__Exercise directions__
With the images removed, repeat the data below exactly.

__Supplied information__
━━━━━━━━━━━━━━━━━━━━
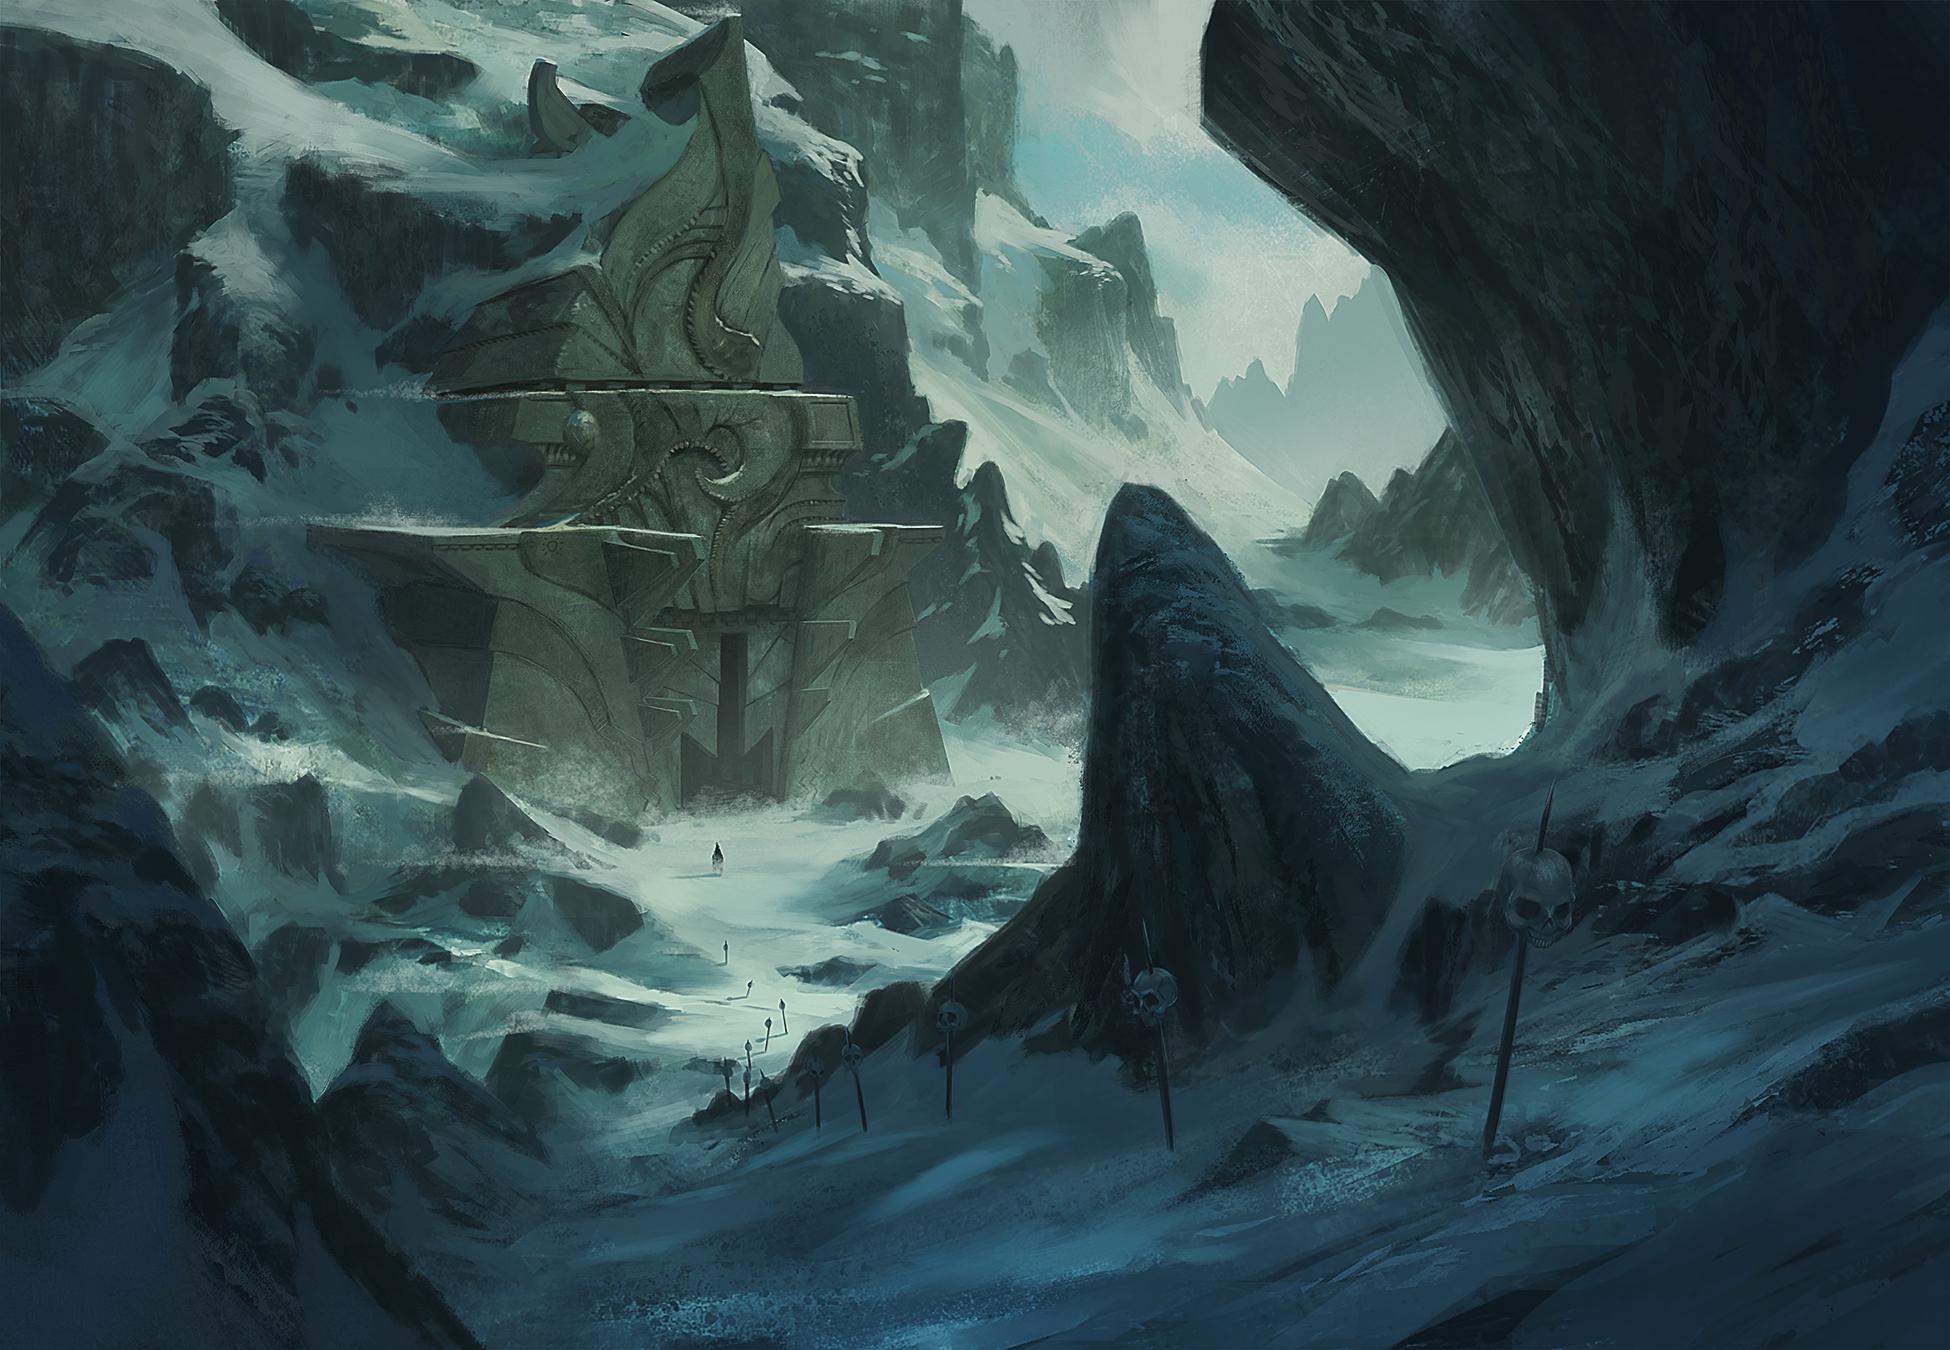 evil landscape background - photo #3
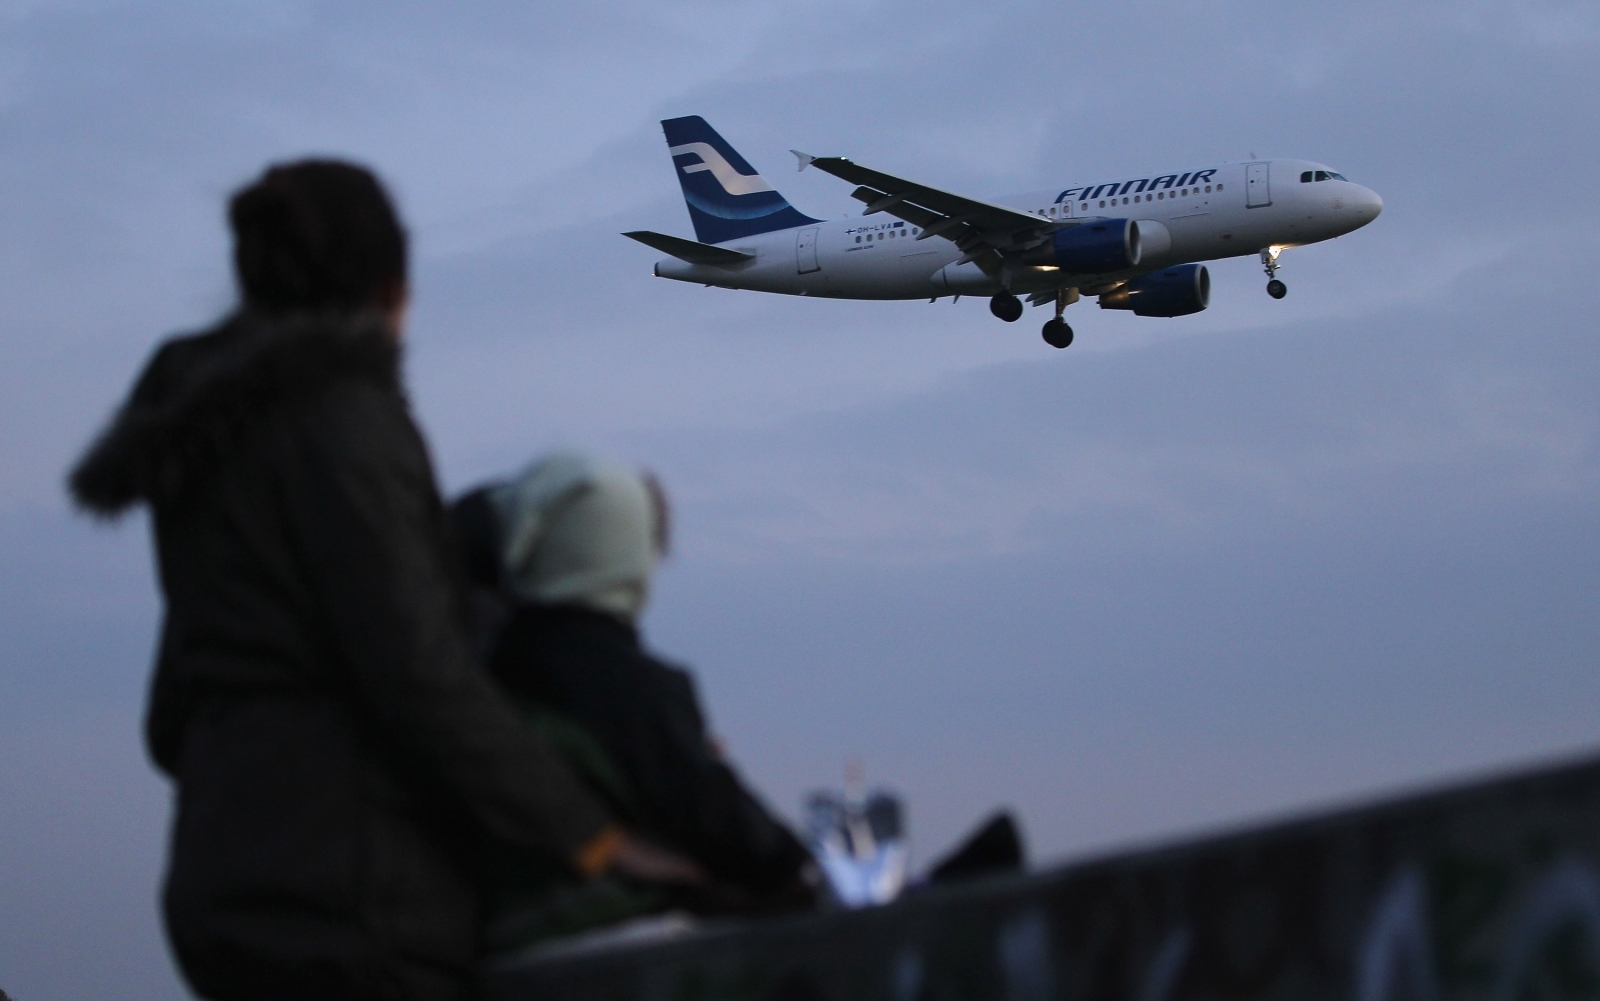 Arriving Finnair plane
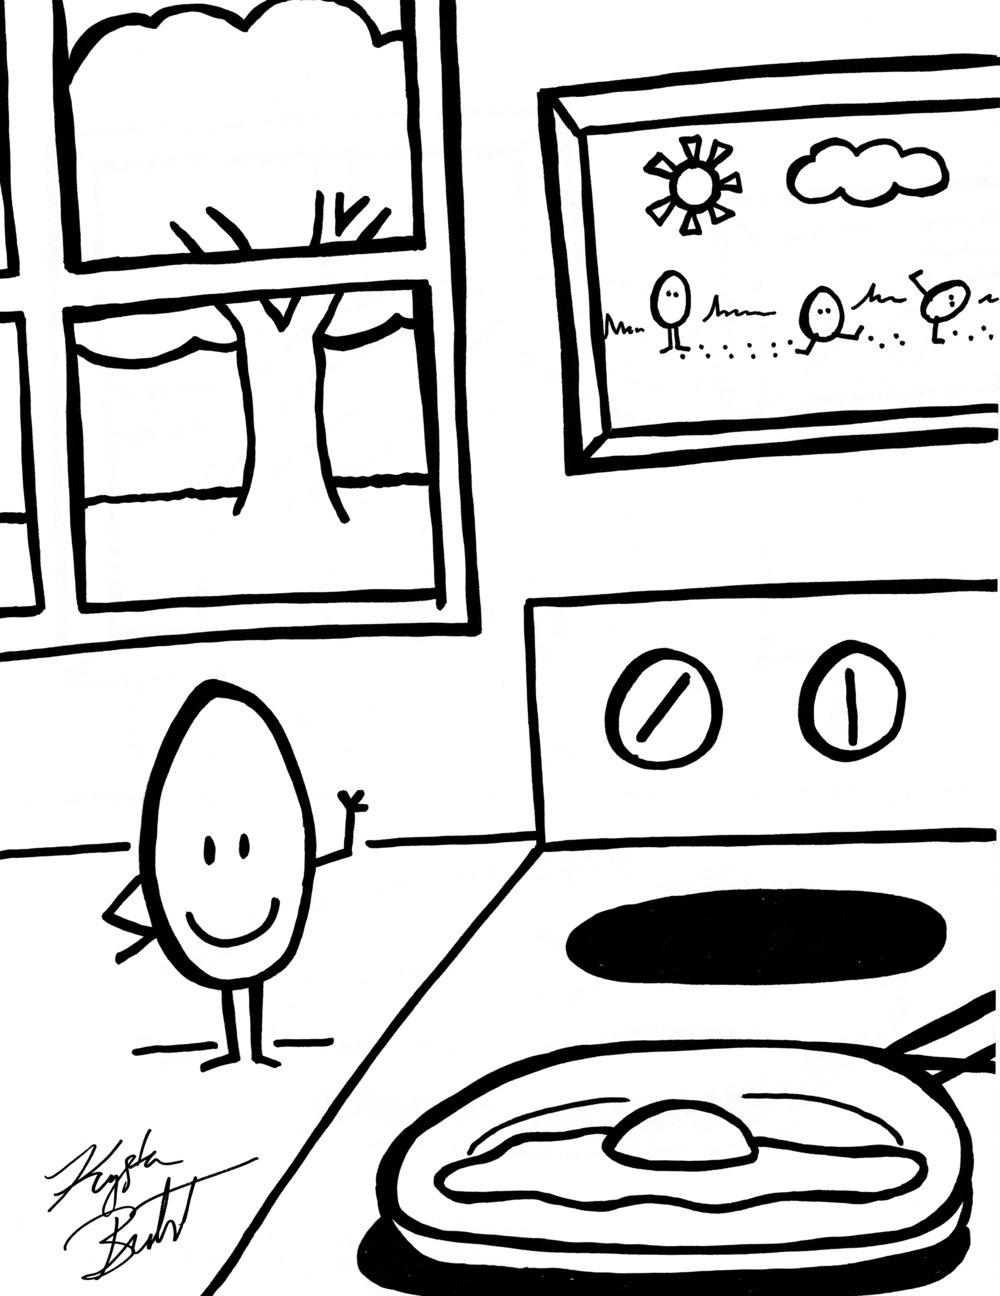 E_Eggs.jpg
━━━━━━━━━━━━━━━━━━━━
__Answer__
 evil landscape background - photo #3
 Arriving Finnair plane
 E_Eggs.jpg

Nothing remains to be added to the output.